Expression profiles of CTLDPs in T. xiaojinensis fat body under various challenges

To investigate mRNA levels of T. xiaojinensis CTLDP genes, we searched their FPKM values in ten libraries (Meng et al., 2015). The results are listed in Table S6. Overall, genes encoding CTL‐S and CTL‐X expressed at low levels in all conditions.

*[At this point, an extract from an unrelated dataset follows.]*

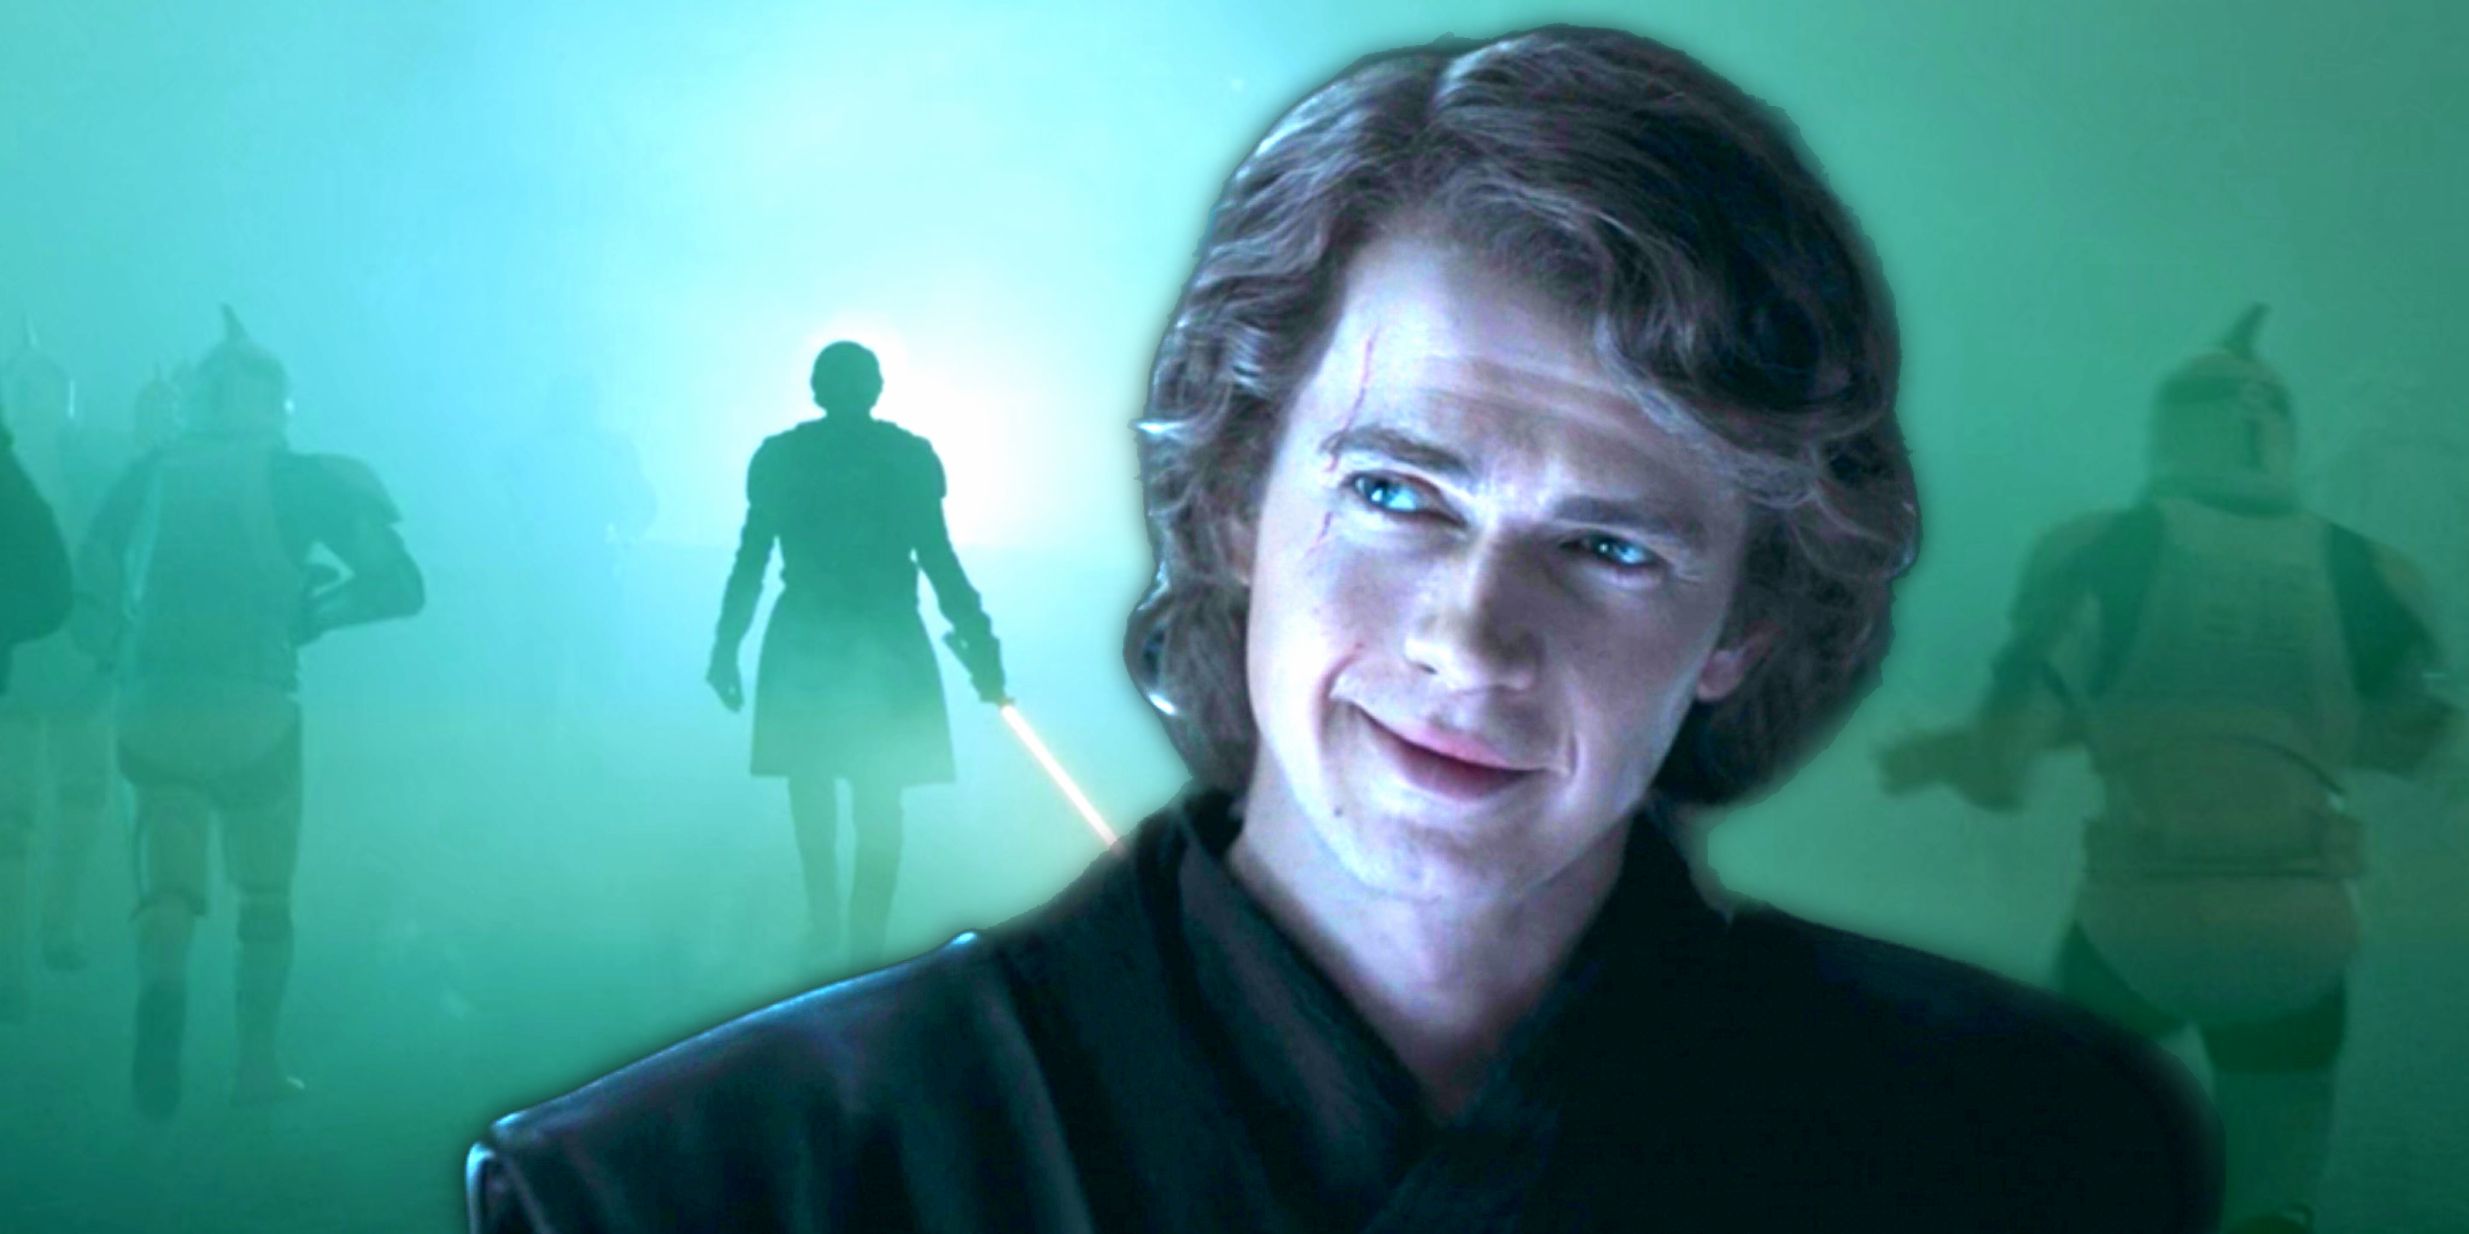 Hayden Christensen smiling as Anakin Skywalker in Ahsoka

IML18 and IML19 presented similar mRNA levels with FPKM values less than 3.5 in untreated/treated groups. High transcript abundances in untreated larvae were observed in genes encoding IML7–9 (Table S6). Except for the five IMLs mentioned above, the remaining IMLs increase their mRNA levels to > 10 or even > 100 after at least one challenge. The maximum value (5768.7) was the IML1 expression in larvae exposed to C. militaris for 48 h (Table S6).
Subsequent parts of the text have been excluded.